Belgium's popular prime minister looks for victory in October

An American journalist interviewing him last week suggested tongue-in-cheek that to be prime minister of Belgium -- a country the size of Maryland with a population only slightly larger than that of New York City -- may be more difficult than to be president of the United States. The prime minister of Belgium laughed. ``Yes,'' he replied with only a hint of humor, ``it may be.''

Wilfried Martens, a master of survival in a political minefield as treacherous as any in Western Europe, has done it again. Last week, he held a coalition government together through yet another political crisis in a country that has had 32 governments since the end of World War II.

All signs suggest the man who has headed the longest-serving Belgian government in two decades will do so again following national elections scheduled for Oct. 13.

``What happened on May 29 was a catastrophe, even for the government,'' Mr. Martens said in an interview, referring to the riot at a soccer match in Brussels that left 38 spectators dead and more than 400 injured. ``I didn't expect that it would have immediate political consequences.''

Last Tuesday, after six ministers in his center-right coalition government resigned when the interior minister refused to take responsibility for not containing the violence at the soccer match, Martens submitted his government's resignation to King Baudouin. The King turned it down.

But the crisis left the government weakened and forced Martens to advance the date of the next parliamentary elections from early December to Oct. 13.

Ruling Belgium is far from easy. The country is divided into two distinct linguistic and administrative halves, Dutch-speaking Flanders and French-speaking Wallonia. Each must be equally represented in the coalition government. And there are no fewer than 15 political parties representing the range of political opinion, including the Christian Democrats, Liberals, and Socialists (each split into separate Dutch- and French-speaking wings).

The Martens government won praise from the US and other NATO countries last March when it decided despite strong public opposition to begin deploying 48 US cruise missiles in Belgium as part of a NATO plan to counter the Soviet Union's military buildup.

Opinion polls show Martens to be the nation's most popular politician, and he is confident that his party -- the Dutch-speaking Christian Democrats -- will do well in the October elections. But last week's crisis may hurt the other parties represented in his coalition government, especially the French-speaking Liberal Reform and Social Christian parties, and the Socialists could benefit handsomely from the squabbling within the government.

``That's why I deplore what happened [last week],'' Martens said, adding that he would not be interested in leading a government that included the Socialists. It is widely believed here that the government split last week involving the Liberal Reform and Social Christian parties was motivated by pre-election manuevering for Belgium's French-speaking vote.

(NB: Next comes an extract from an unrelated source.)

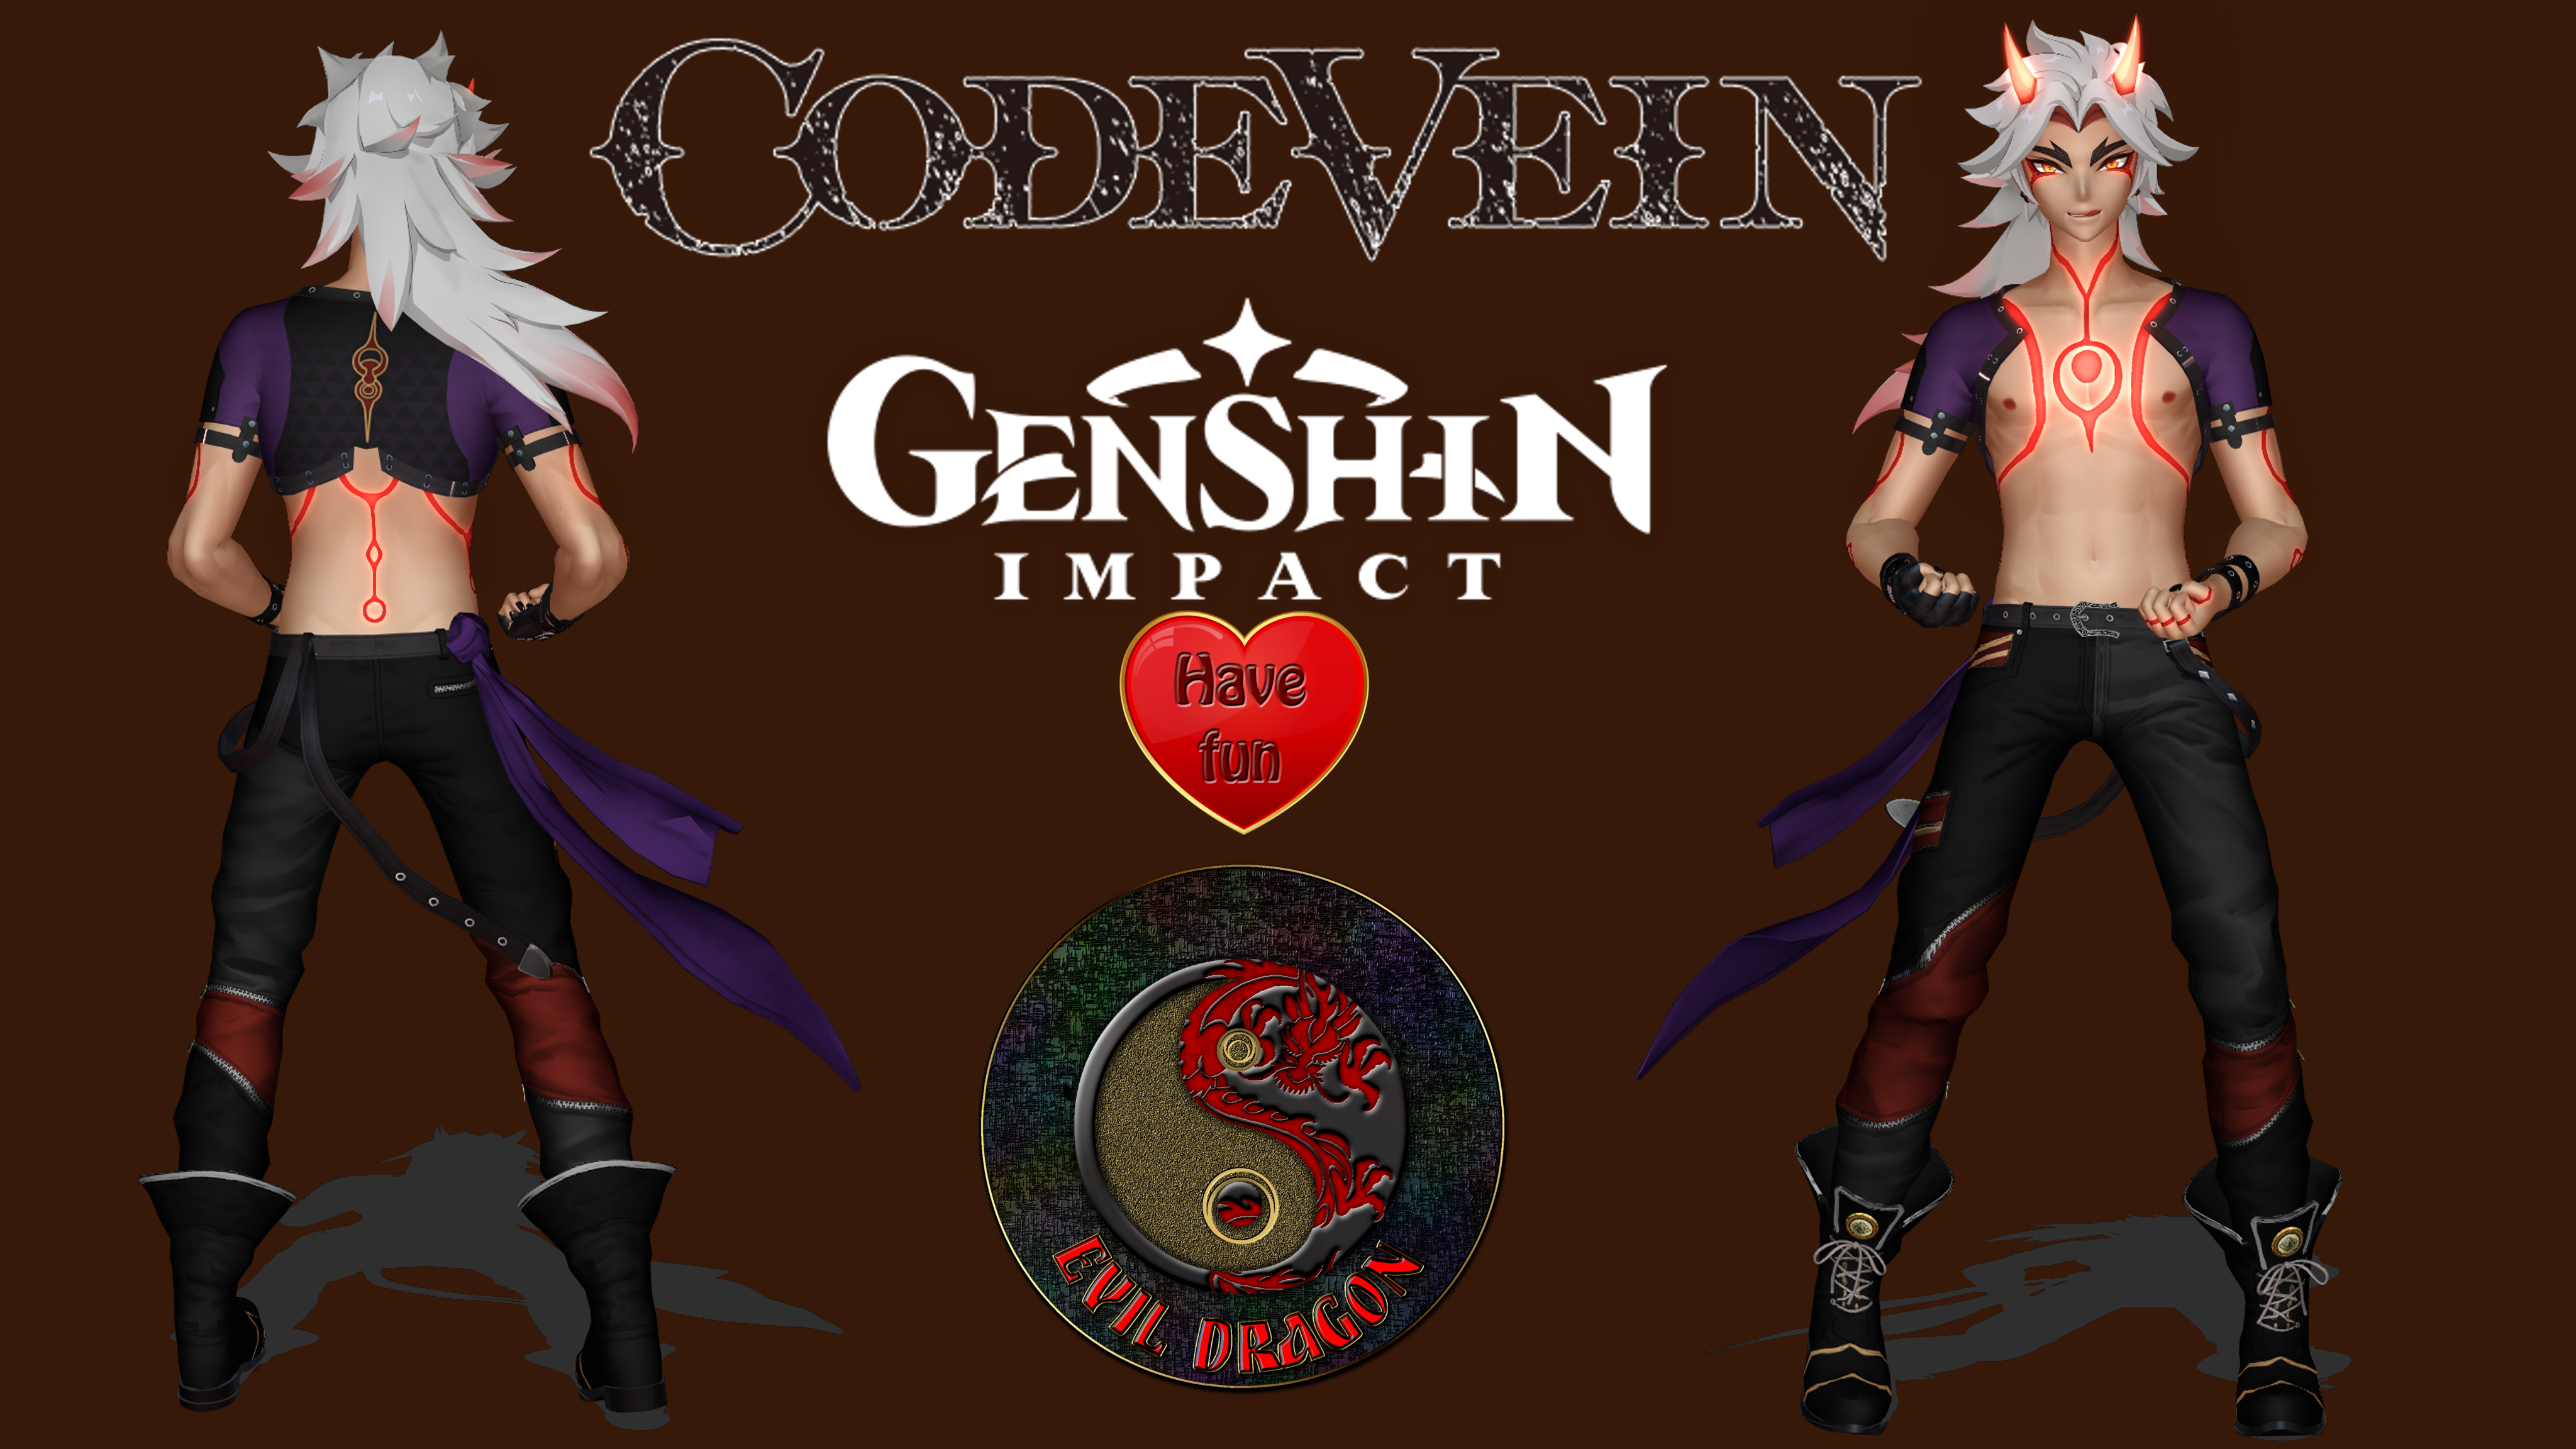 Code Vein - Bare upper body casual wear for Male by ogami4 on DeviantArt
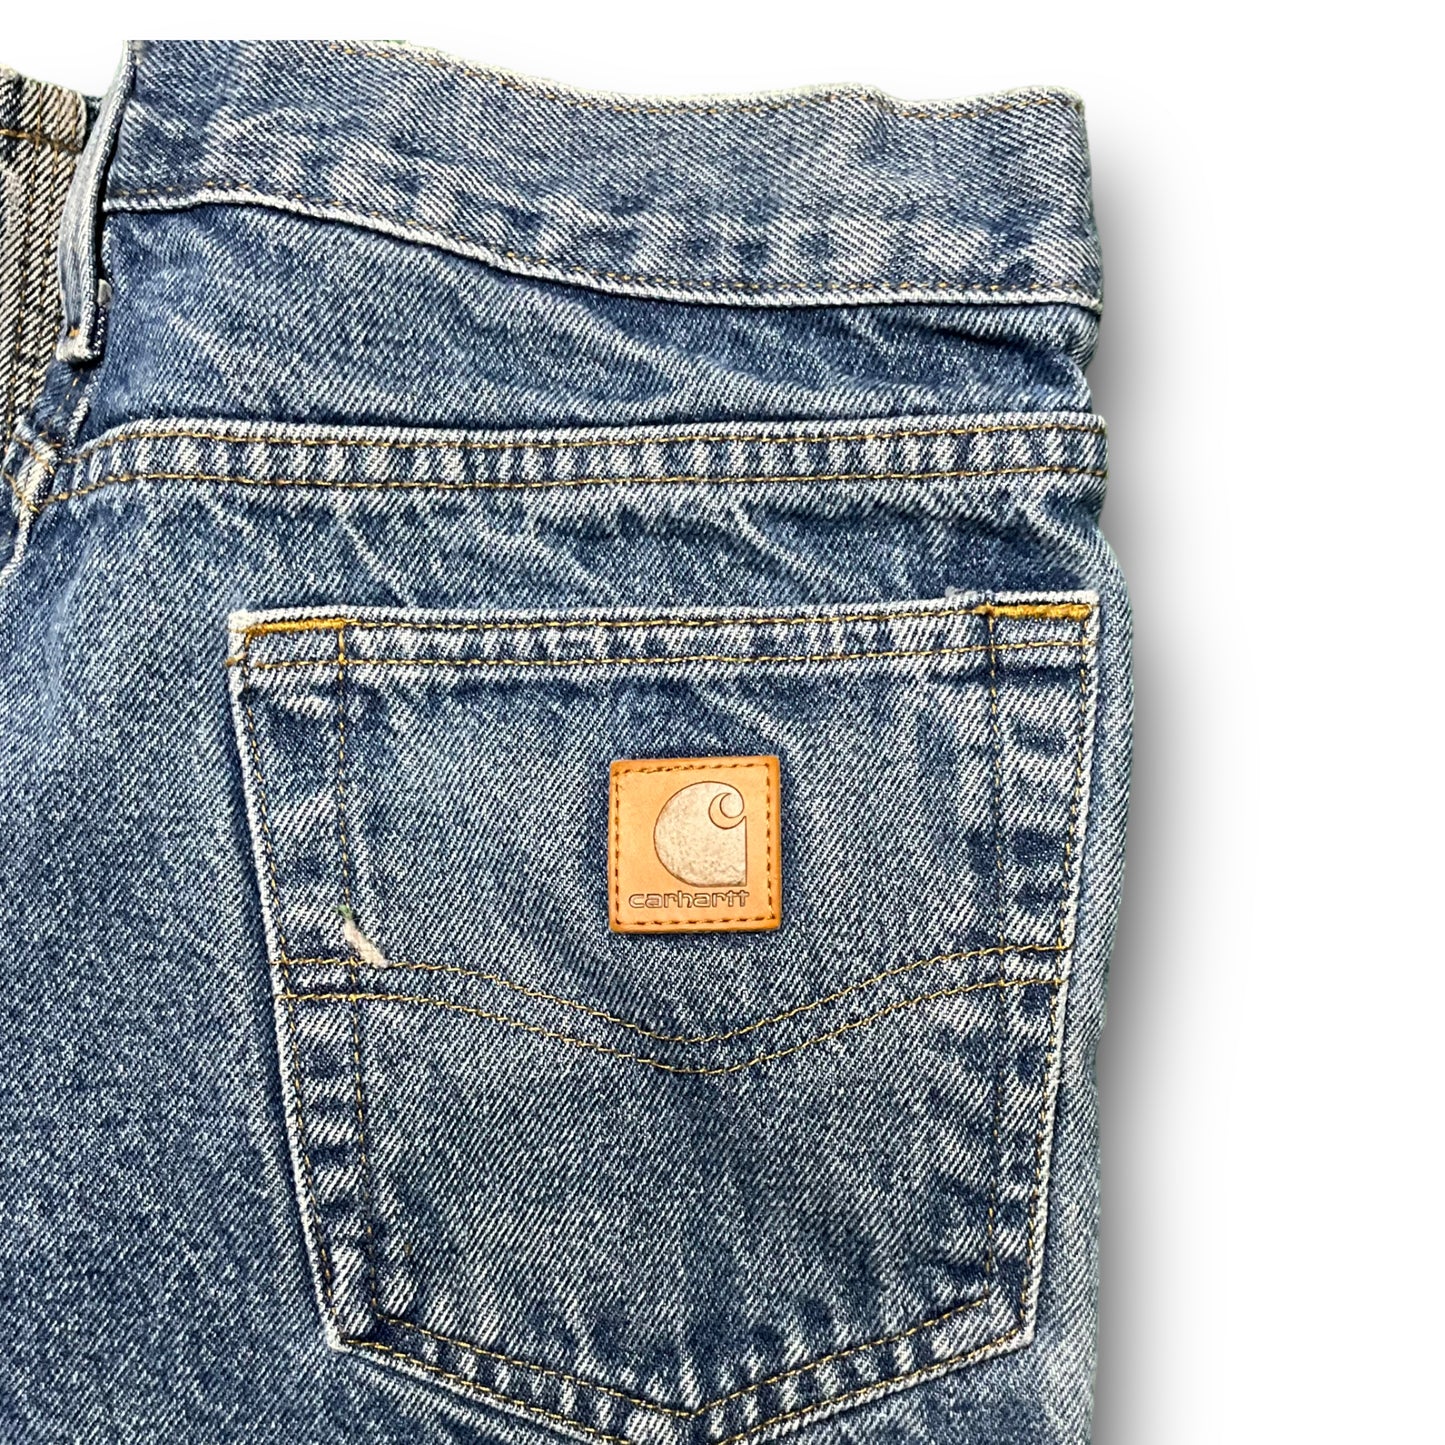 Carhartt Relaxed Fit Jeans (30x32)

Last month, the Socialist Party said it would seek to dismantle the 16 US cruise missiles already stationed in Belgium and prevent the remaining 32 from being deployed if it were voted back into the government this year. The Socialists were forced out of the government in 1981.

Meanwhile, organizers of what is expected to be Belgium's largest antimissile demonstration this year are considering advancing the date of the protest from Oct. 20 to sometime before the elections. Pierre Galand, president of the National Action Committee for Peace and Development, said that Oct. 20 had ``symbolic importance'' -- the United Nations will be holding a debate on disarmament that week -- but the protest may be moved up.

Whatever happens, Martens expects his centrist Christian Democratic Party to do well in October -- as do analysts here. After declining last fall, his popularity has risen to record heights in response to his handling of difficult economic and diplomatic problems in recent months.

``After the decision on the missiles [last March],'' he said, ``it's clear that we have restored public confidence in our party. All the polls show it.''

The big question is whether the Socialists will be able to capitalize on last week's intragovernment squabbling over responsibility for the soccer riot and win sufficient votes in October to gain entry into a new government coalition. If that happens, it could mean an end to Martens' reign. But analysts are expecting him to be called on to lead his sixth government.